Keesha Sharp (aka Mrs Cochran) used to be on this show called Girlfriends, where she was the wife of a very successful (or she groomed him to be one - pushed his buttons so to speak), lawyer. And she would do things like this - listen to the statements, make edits, so she makes the perfect Lawyer's wife on this show.

I am slow (or I am probably being a Pollyanna about this) - but why did Darden have to be the one prepping Furhmann? Like this confuses me. Is it because they knew that he had racist things in his past, but if Darden was going to do it, does it just look better? But I do have to say - and someone said it above: when someone is telling you that someone is racist (or sexist, or homophobic, whatever) - listen to them. I don't side-eye people when they go they don't see colour - because for the most part, I don't (and I am a person of colour) - but there are some instances when things stop being a lovely shade of grey - and things are in technicolour. This - is one of those times.

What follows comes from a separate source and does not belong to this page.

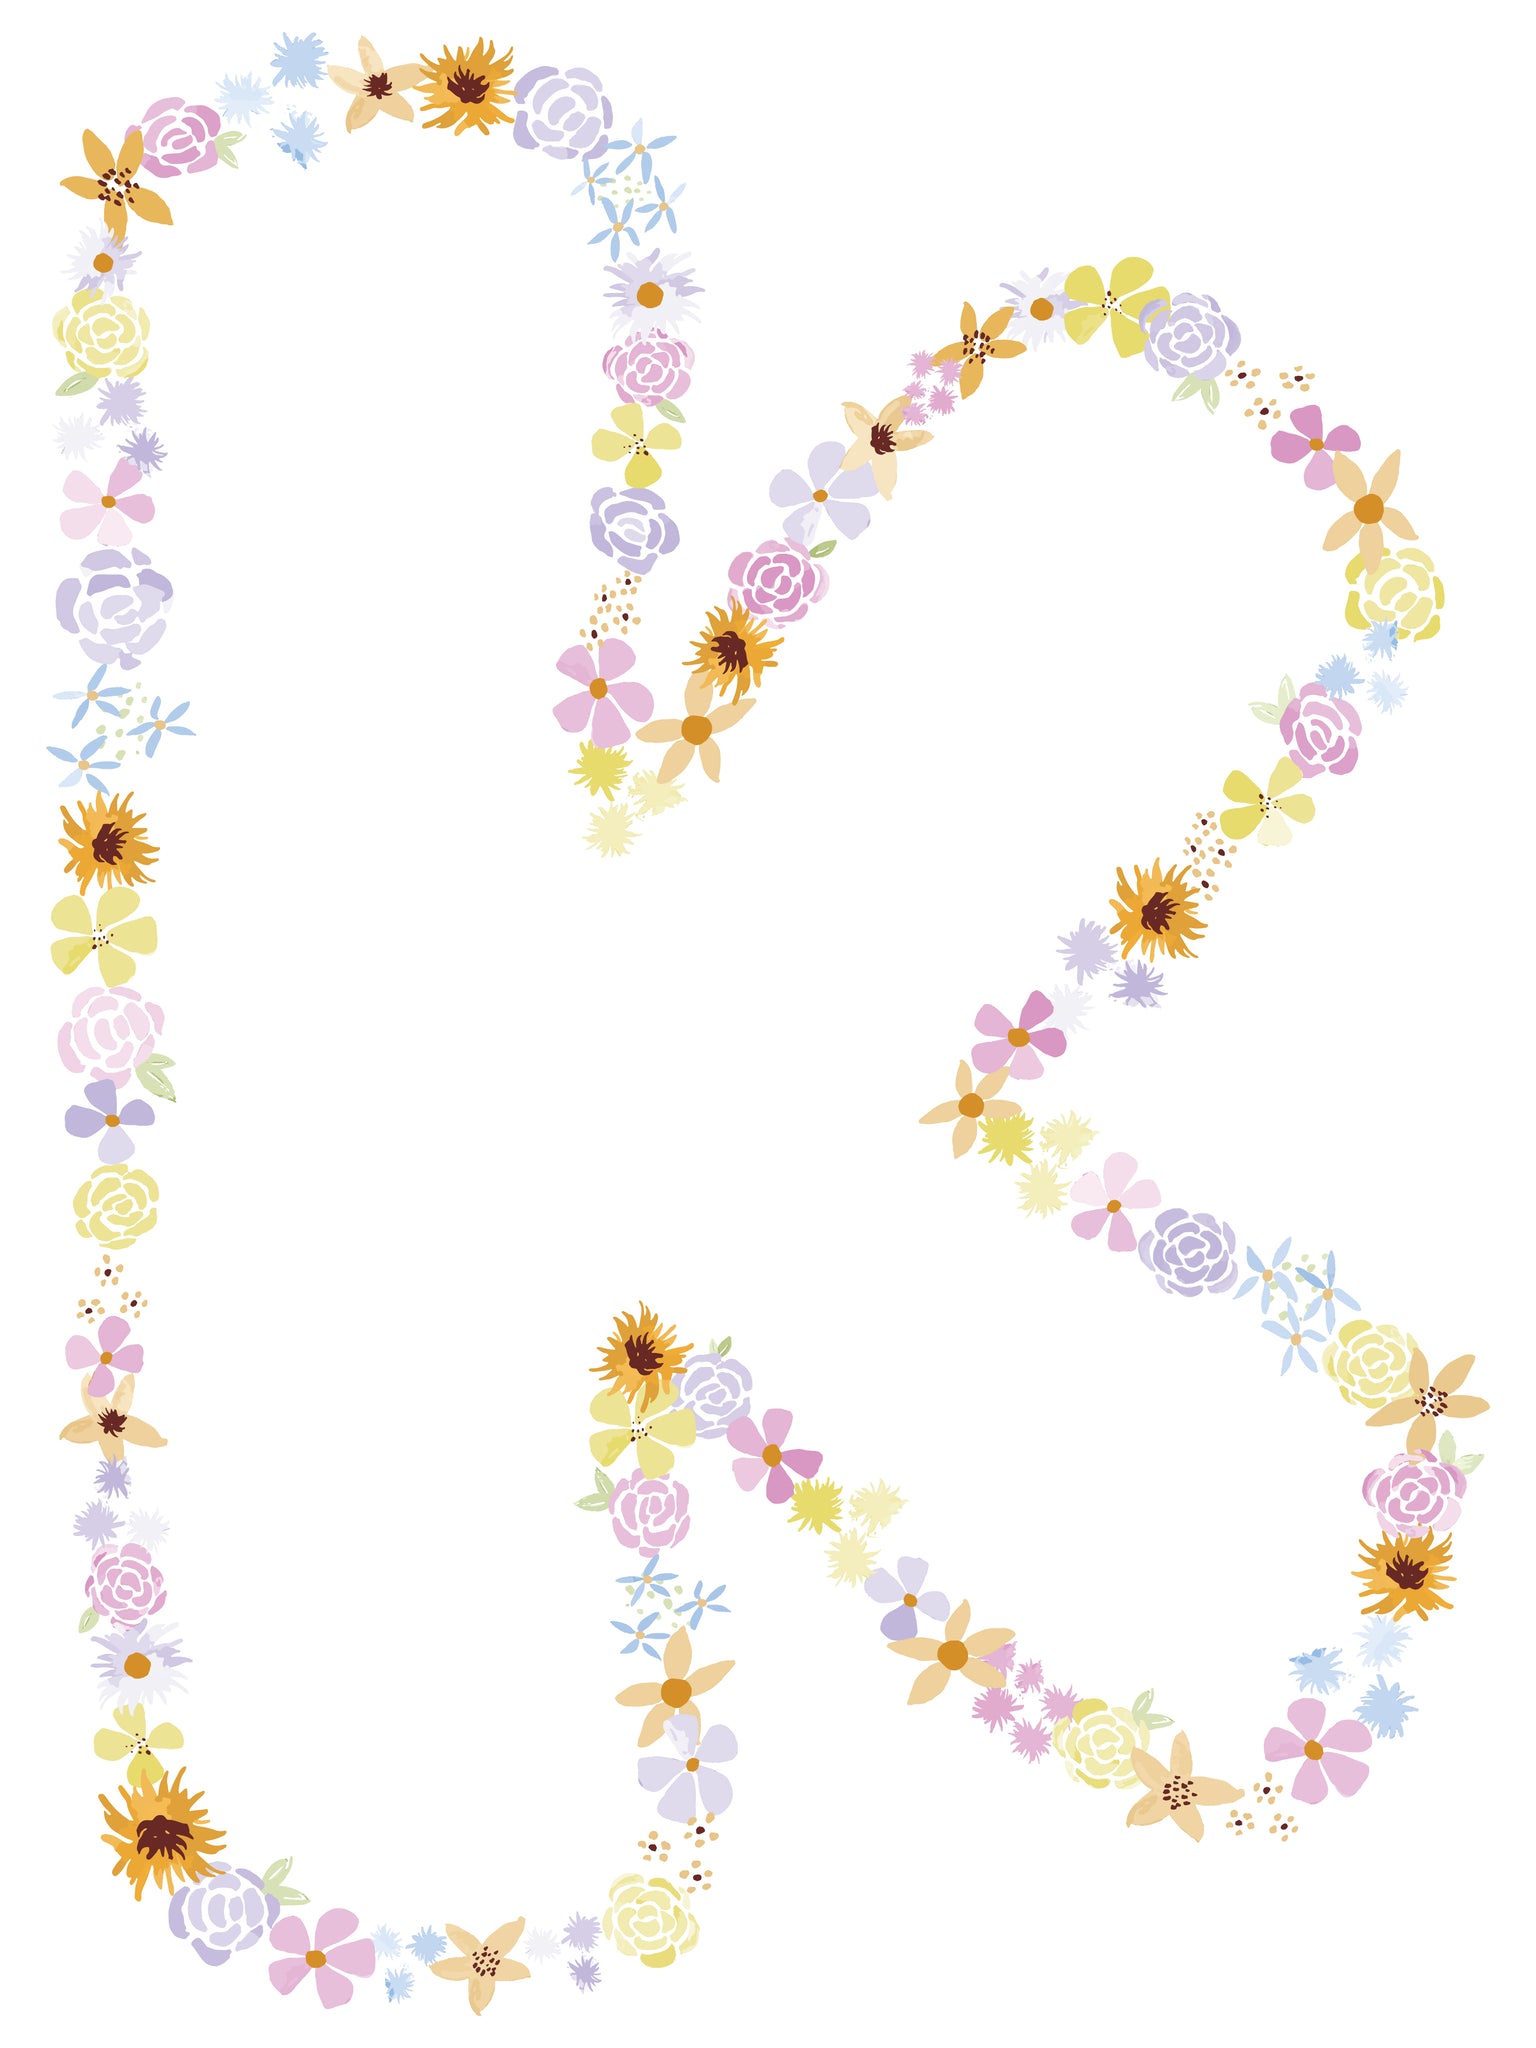 Floral Alphabet Print - K

And the fact that this continually came up and Marcia Clark is all like "tralalala, people are nice then they are nice, what does colour have to do with it." it's like. hello! people have been telling you this. 

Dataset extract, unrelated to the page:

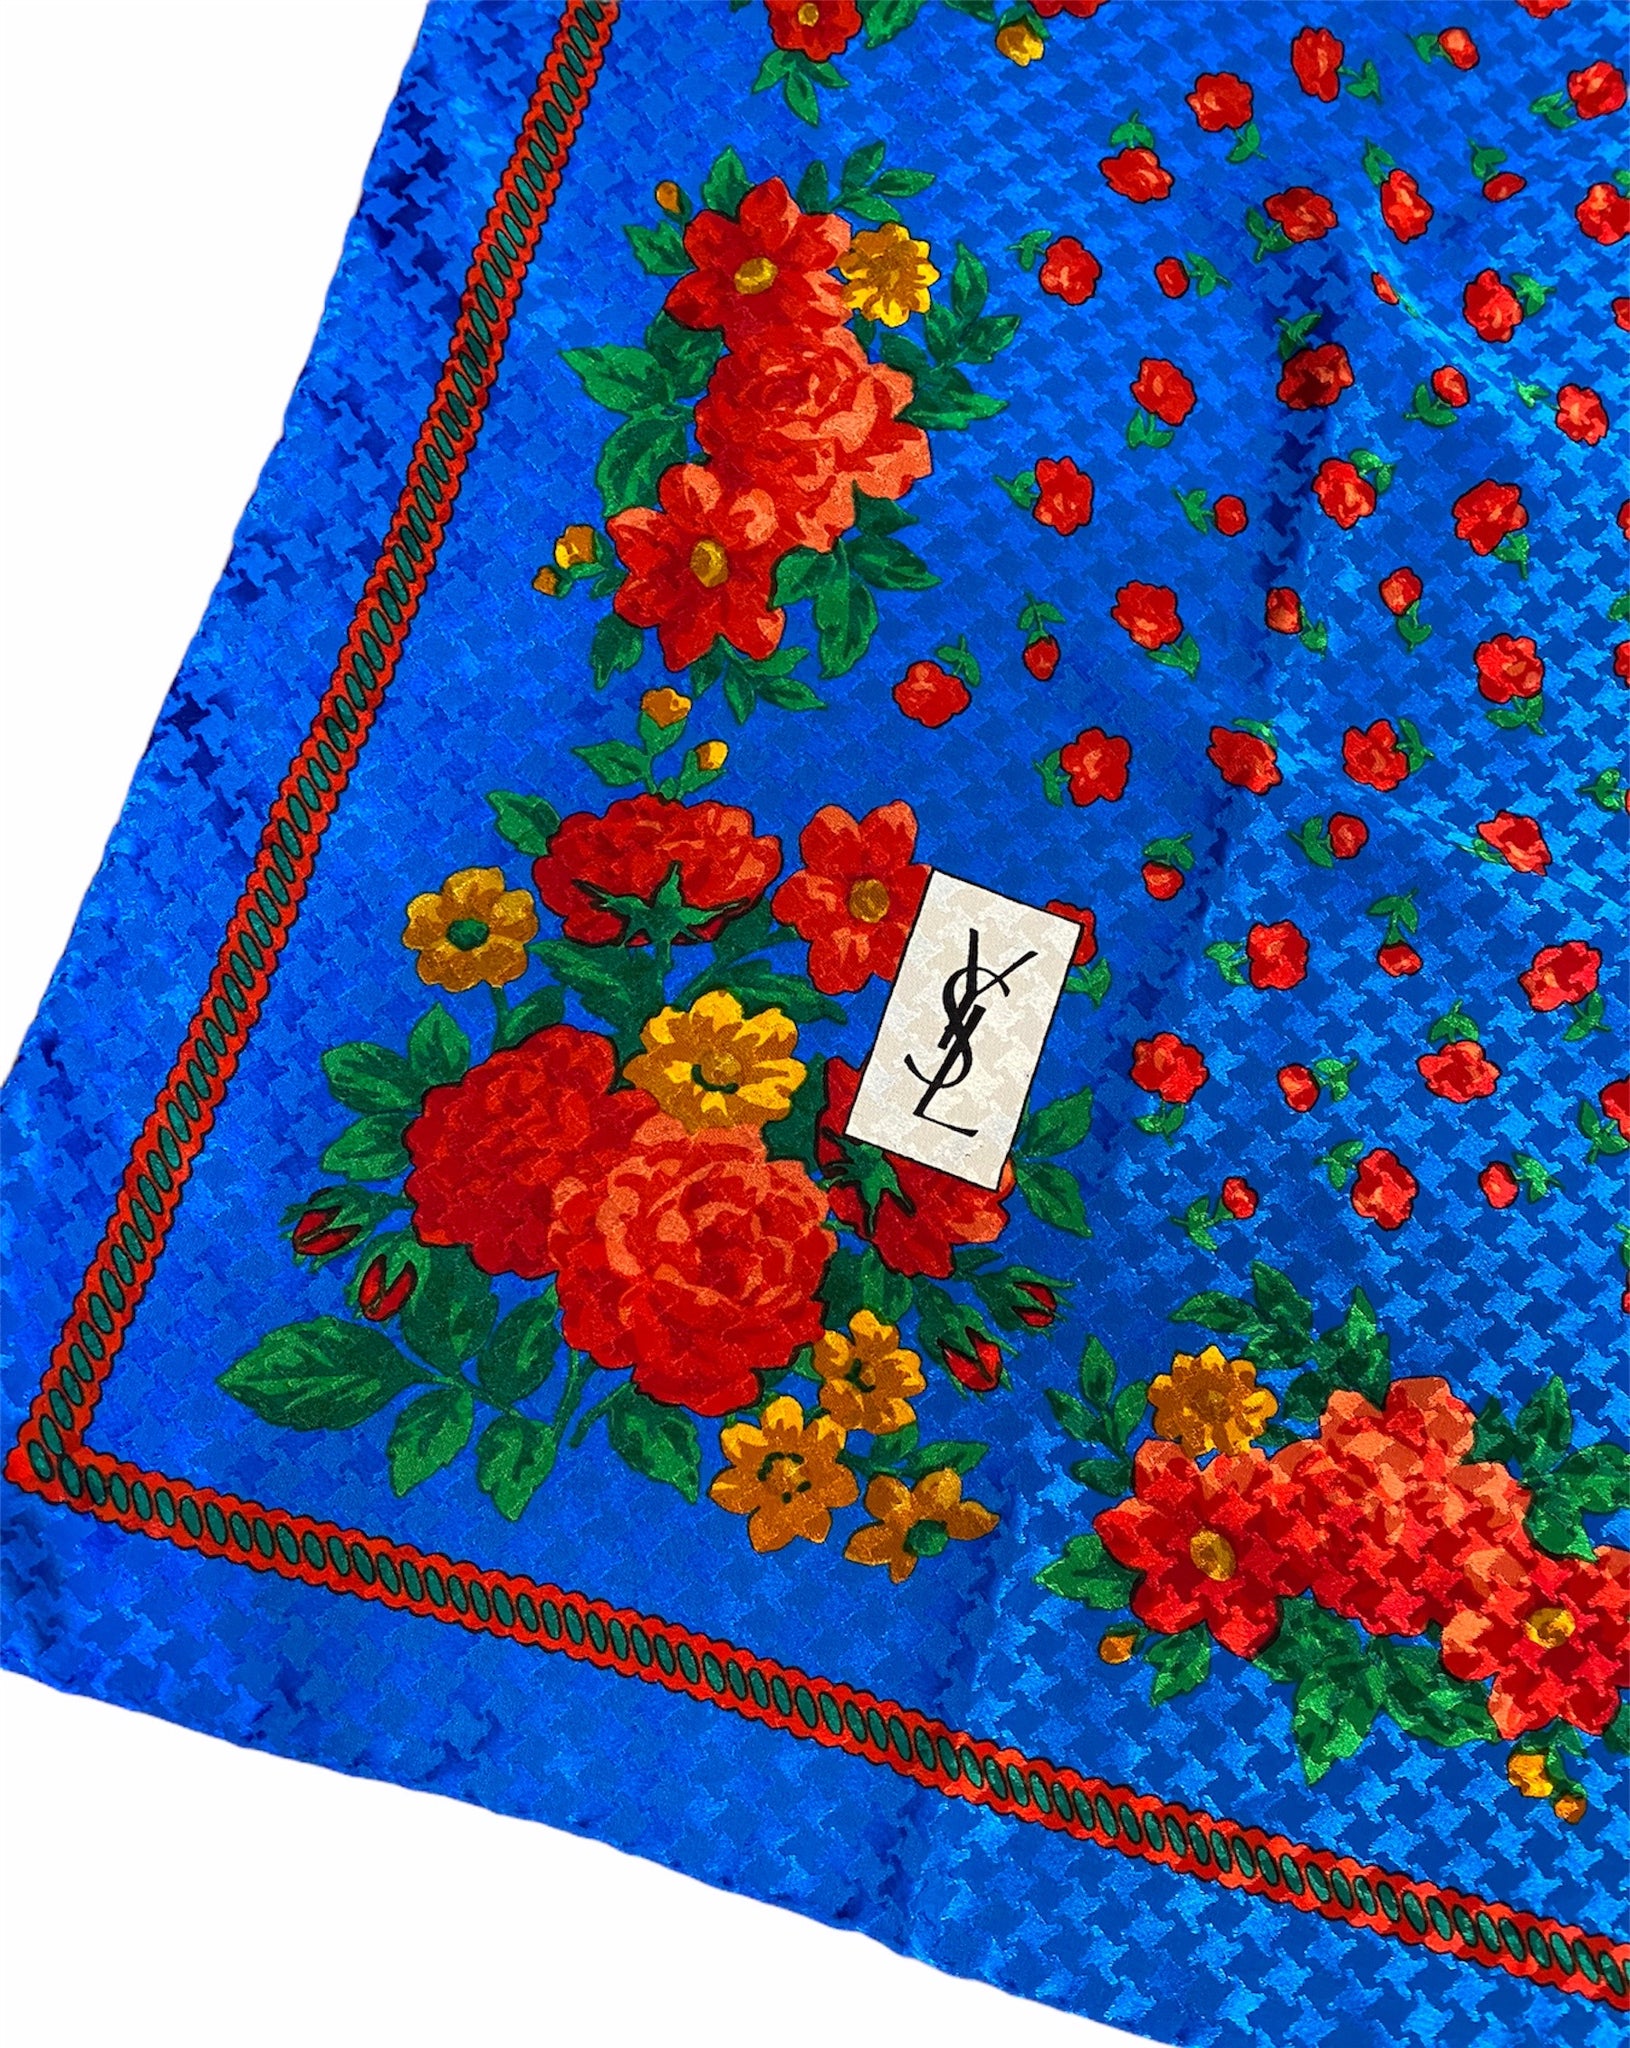 YSL 70s Bright Blue Polka Dot Floral Silk Scarf DETAIL 2 of 3

Darden's speech about the N word was really uncomfortable for me, and I literally went hoooboy that was stupid. Then Cochran came up and hit on the erasons why it was stupid, and then going "N, please...". Darden's complaining to his Daddy was funny though because I do that like alll the time. Daddy Darden saying "Maybe it's not undermining you, maybe it's helping you." really rang home. Though - I truly do think Darden should have done his own version of N, Please to Cross. Wake up. Look around you. THEY are making it about colour - regardless of your intentions, you are trying to show it's "coloured" - you need to start playing chess. - 

 

Furmann having Nazi-crosses.... hooboy. 
I don't like this judge at all. (and this is where the squiggles start. this is a show - but this was real, and I was like. this is such a stupid character.... and then you have to catch yourself, and realise...this isn't a character. this was THE PERSON. Oi). 

 

Black-ifying OJ's house... wowzer. And I'm surprised that never raised an eyebrow on the jury. Like there's having some black influences, but there was a lot of "SEE! I AM BLACK!" all throughout that house.

 

OJ screaming get off my bench. (okay there). and I agree with GHScorpioRules - Cuba has a horrendous poker face.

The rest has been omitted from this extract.